The strength of a fillet weld is based, in the design, on the product (effective area of the weld: T x W) of the theoretical throat (design throat thickness) and effective weld length as shown in Fig. 1. Fillet weld legs determine fillet weld sizes. Fillet weld sizes are measured by the length of the legs of the largest right triangle that may be inscribed within the fillet weld cross section.
Fig. 1 — Fillet weld measurements: L: Leg length, S: Fillet weld Size, T: Theoretical throat, V: Convexity, C: Concavity, W: Effective weld length
Fig. 2 — How to calculate theoretical throat
Fig. 3 — Measuring a fillet weld leg by means of a multipurpose welding gauge
Fillet weld sizes determine theoretical throat. The product of the size and cos45° in case where an isosceles right triangle may inscribe within the fillet weld cross section: S x cos45° = 0.7S, as shown in Fig. 2.

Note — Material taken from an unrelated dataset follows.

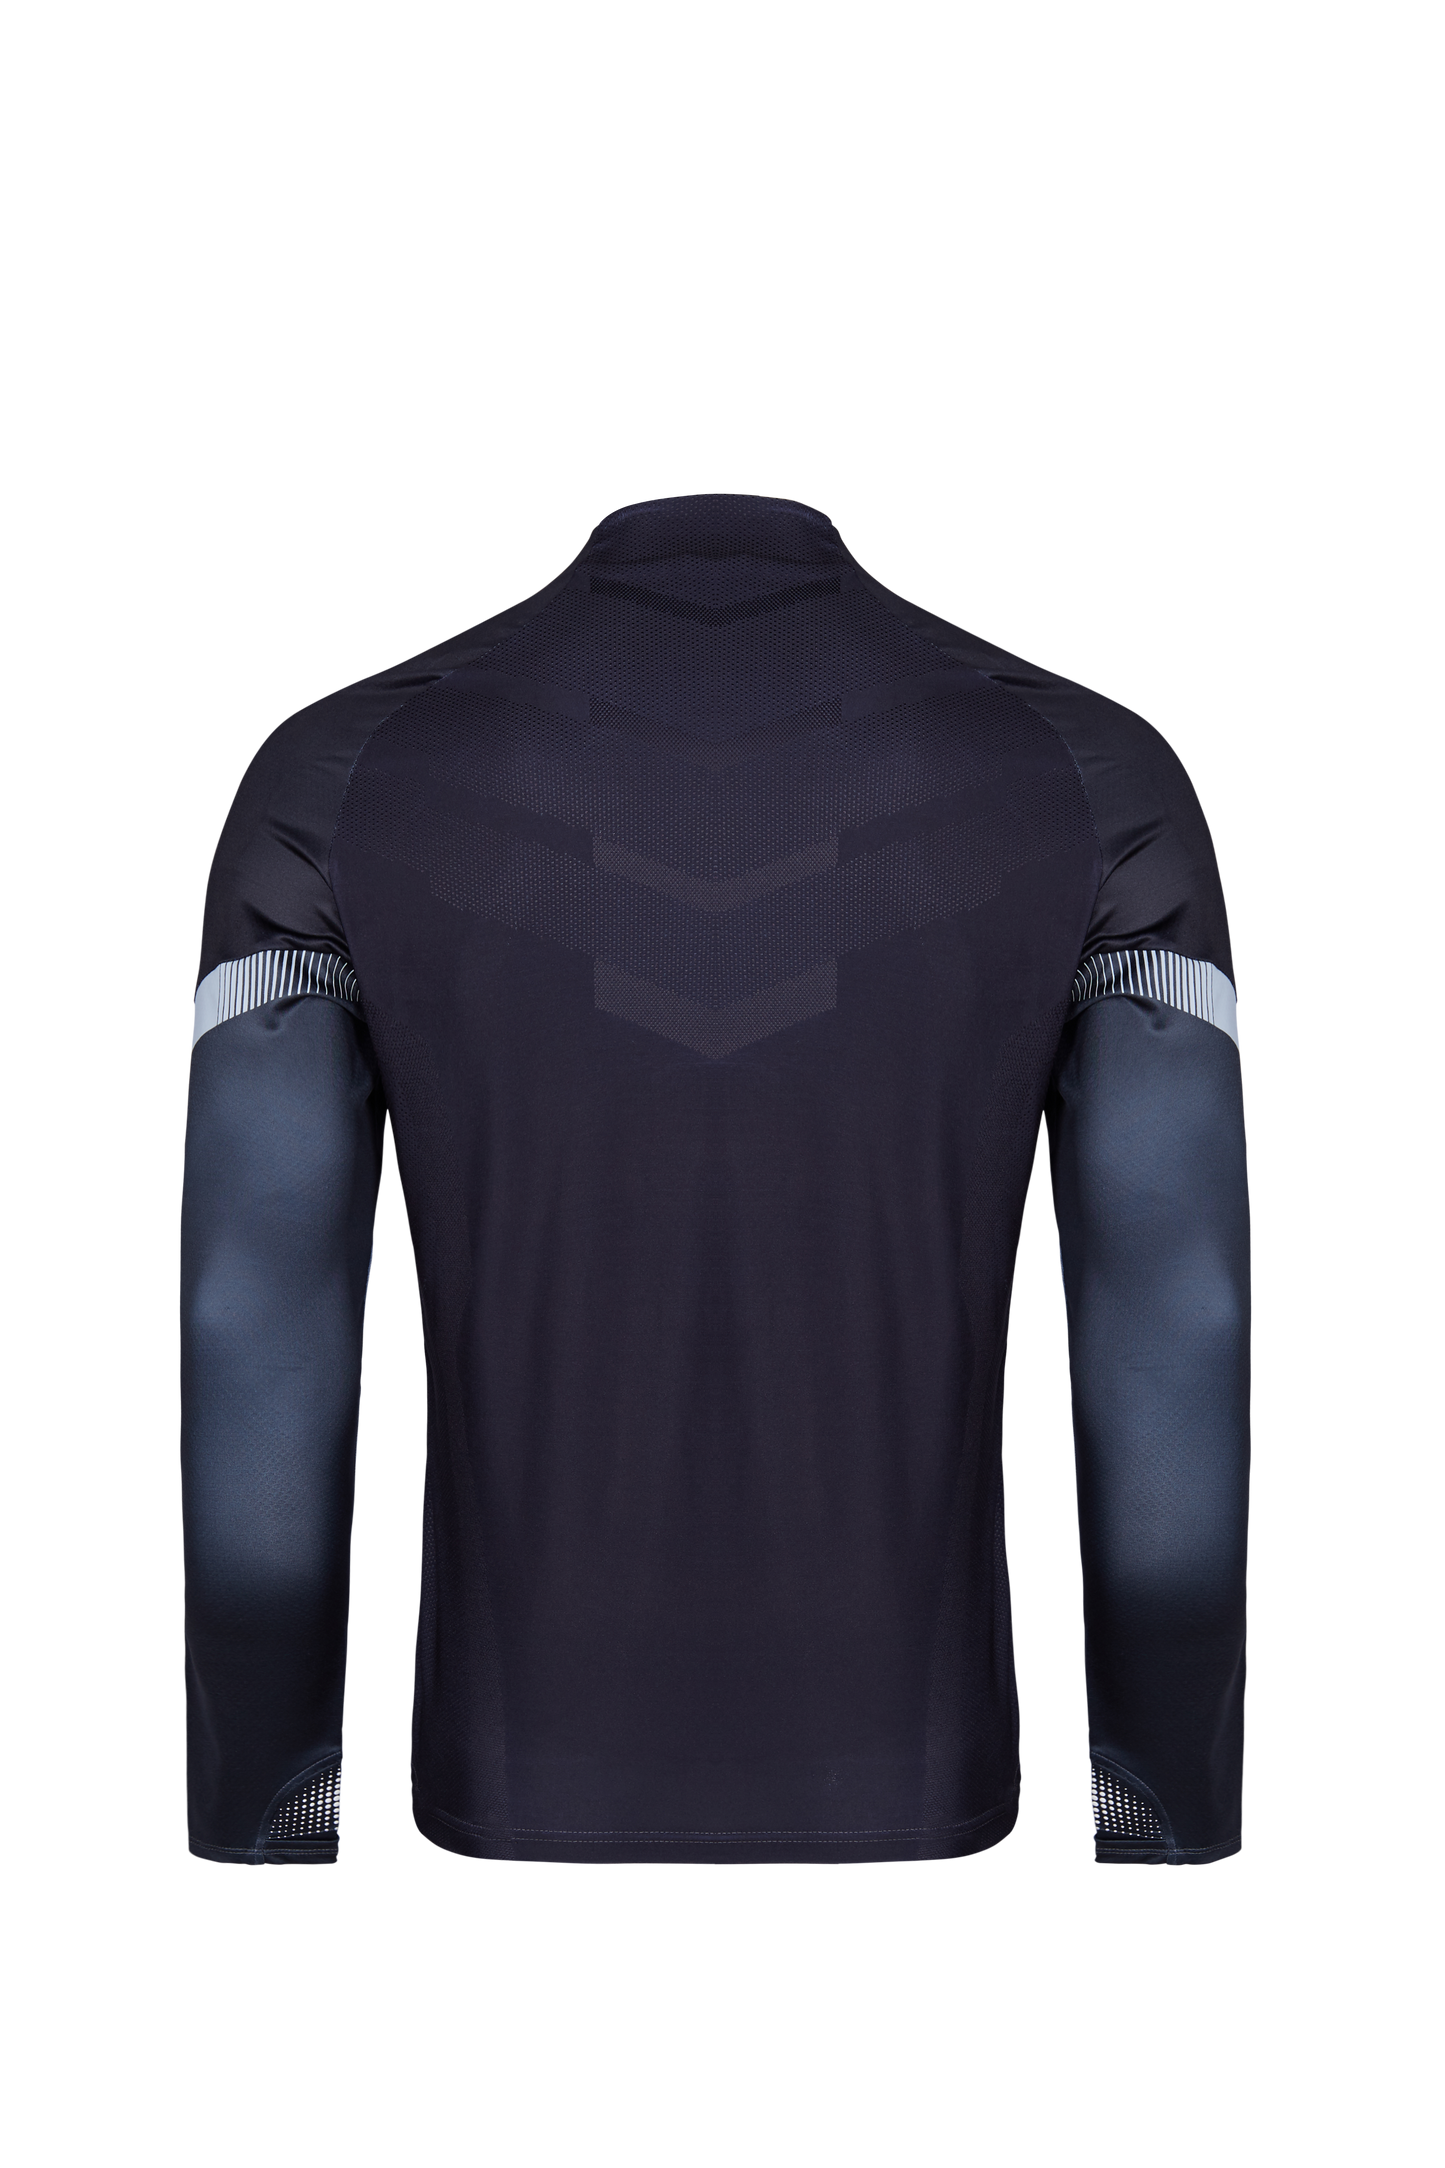 Warrior Sweatshirt- Black/Grey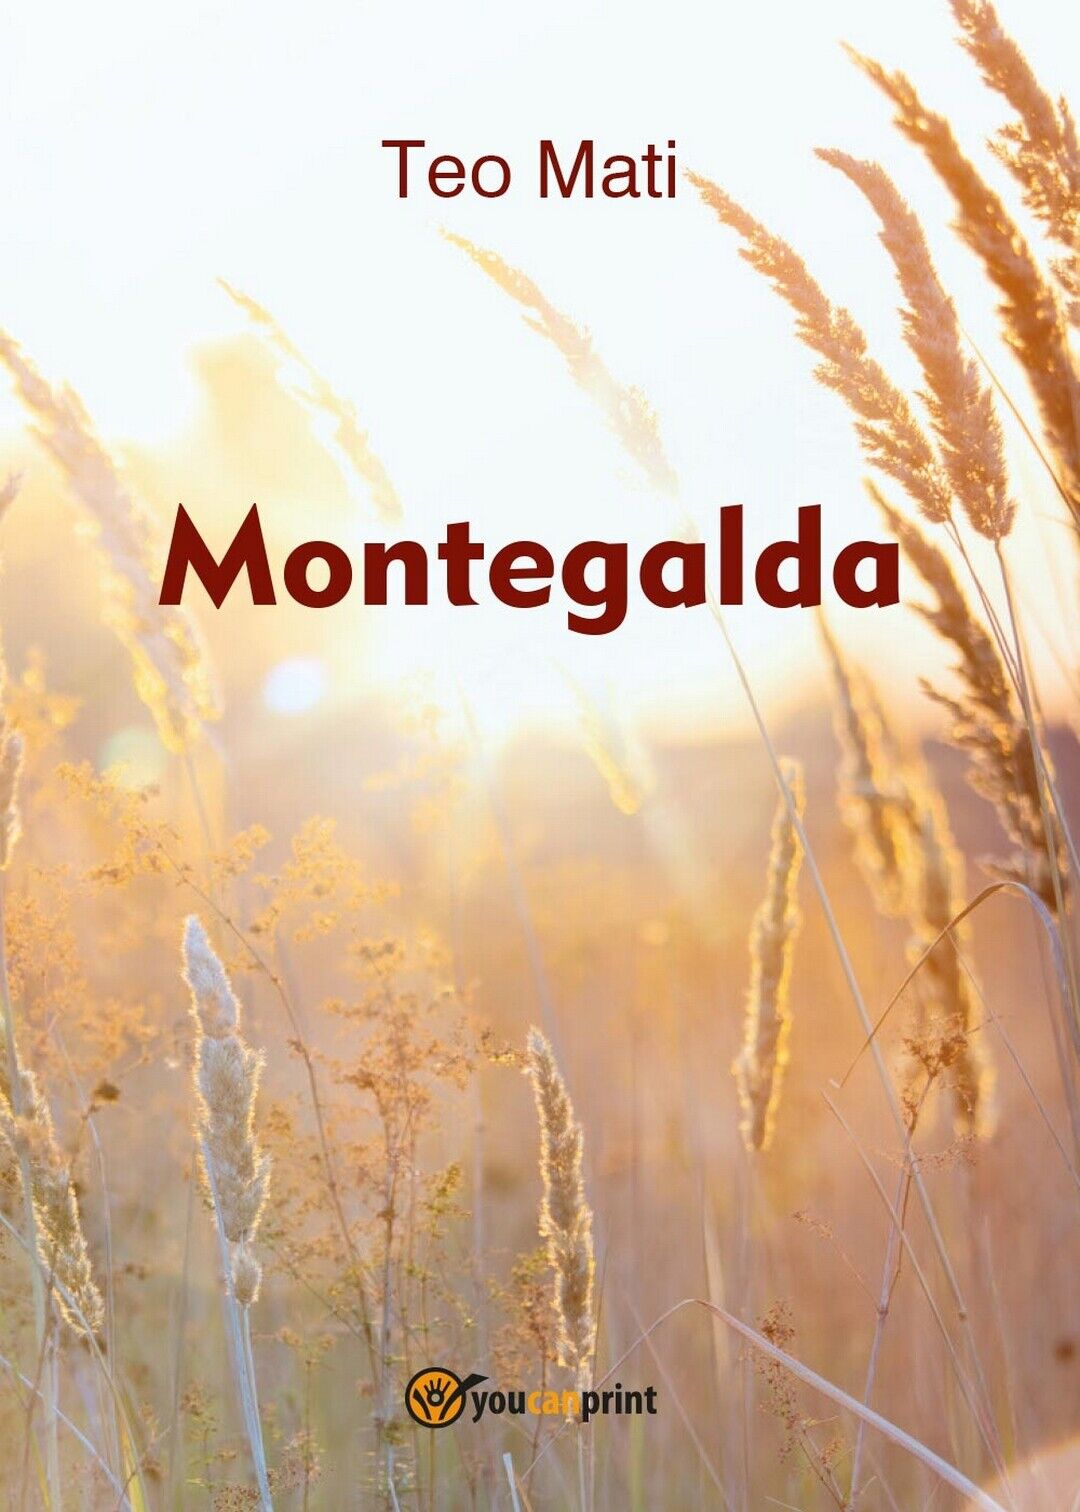 Montegalda  di Teo Mati,  2016,  Youcanprint

Fillet weld sizes must be large enough to carry the applied load, but the specified fillet weld size should not be excessive to minimise welding distortion and costs. AWS Dl.l (Structural Welding Code ― Steel) specifies the minimum fillet weld size for each base metal thickness: e.g. 6-mm size for thickness over 12.7 up to 19.0 mm. AWS Dl.l also specifies the maximum convexity, because excessive convexity may cause stress concentration at the toes of the fillet weld, which may result in premature failure of the joint. In quality control of fillet welds on actual work, leg or size, throat, convexity, and concavity are inspected by using several types of welding gages.